"NoSQL" is not one thing. It is four different families: key-value, document, wide-column, and graph. Each fits different problems. For most new services, a normal SQL database like Postgres is still the right default. You go NoSQL when you have a specific access pattern that SQL handles poorly: massive write throughput, document-shaped data that fits naturally as JSON, key-value lookups at huge scale, or graph traversals that are awkward in SQL. The honest answer at most companies is "Postgres for the main app, plus a NoSQL store for the one or two things that need it."
NoSQL umbrella
──────────────
┌──────────────┬─────────────┬───────────────┬─────────┐
▼ ▼ ▼ ▼
Key-Value Document Wide-Column Graph
(Redis, (MongoDB, (Cassandra, (Neo4j,
DynamoDB, CouchDB, Bigtable, Neptune,
Memcached) Firestore) HBase, ArangoDB)
ScyllaDB)
Lookup by Store JSON Sparse columns, Nodes and edges,
key, get value.docs by id. huge row scale. fast traversal.
Saying "we should use NoSQL" without saying which is meaningless.
| Dimension | SQL | KV | Document | Wide-Column | Graph |
|---|---|---|---|---|---|
| Schema | Strict | None (opaque) | Flexible | Flexible | Flexible |
| Transactions | ACID, multi-row | Single key | Often single doc | Limited | Limited |
| Joins | Native | No | No (denormalize) | No | Native via edges |
| Range queries | Native | No | Limited | Yes (partition) | Limited |
| Horizontal scale (writes) | Harder (shard) | Excellent | Good | Excellent | Limited |
| Operational complexity | Medium | Low | Medium | High | Medium |
| Best at | General apps, OLTP | Caches, sessions | App documents | Time-series, logs | Relationships |
- General-purpose app. Orders, users, payments, anything with multiple related entities.

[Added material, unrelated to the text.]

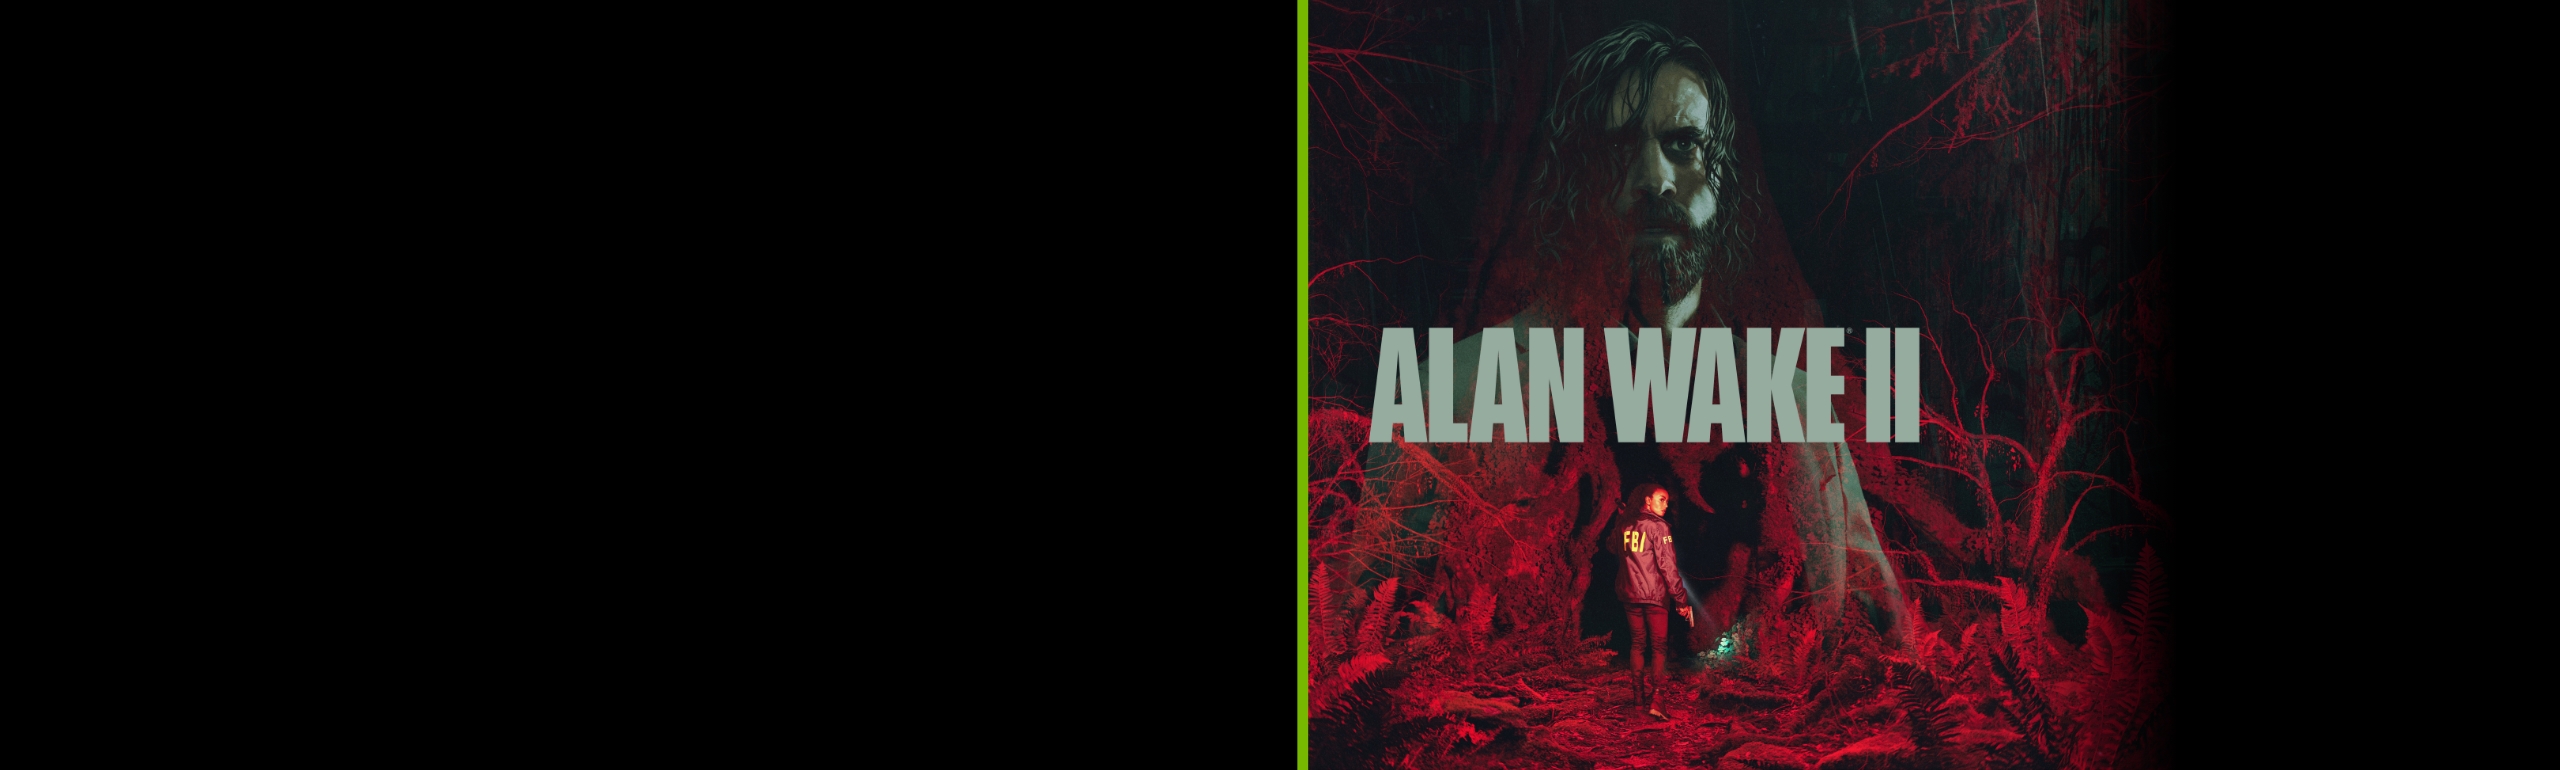 Alan Wake 2 out now

- You need transactions. Money, inventory, anything where ACID guarantees matter.
- You need joins. Most reporting and business logic.
- You don't know your access patterns yet. SQL is forgiving. Schemas evolve.
- Data fits on one machine, or a few. Postgres on a beefy primary handles billions of rows fine.
For most new services, this is where you land.
- Pure lookup by key, at huge scale or sub-millisecond latency.
- Session stores (login state).
- Caches (the most common NoSQL use).
- Feature stores serving ML models (Problem 22-style serving).
- Pre-computed aggregates keyed by user and date.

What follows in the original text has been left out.